What this task involves: The result should be the line with "La Perla Mesh" followed by every remaining line of the entries, each reproduced exactly, with nothing else.

───── Material provided

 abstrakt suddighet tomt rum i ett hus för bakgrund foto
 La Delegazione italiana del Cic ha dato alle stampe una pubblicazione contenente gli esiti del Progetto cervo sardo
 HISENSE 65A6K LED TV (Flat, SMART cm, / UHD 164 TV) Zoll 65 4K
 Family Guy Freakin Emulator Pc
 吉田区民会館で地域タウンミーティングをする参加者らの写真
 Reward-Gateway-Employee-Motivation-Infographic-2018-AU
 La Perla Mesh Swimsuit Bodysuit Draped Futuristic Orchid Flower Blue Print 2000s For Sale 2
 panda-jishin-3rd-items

──────────

Response area:
 La Perla Mesh Swimsuit Bodysuit Draped Futuristic Orchid Flower Blue Print 2000s For Sale 2
 panda-jishin-3rd-items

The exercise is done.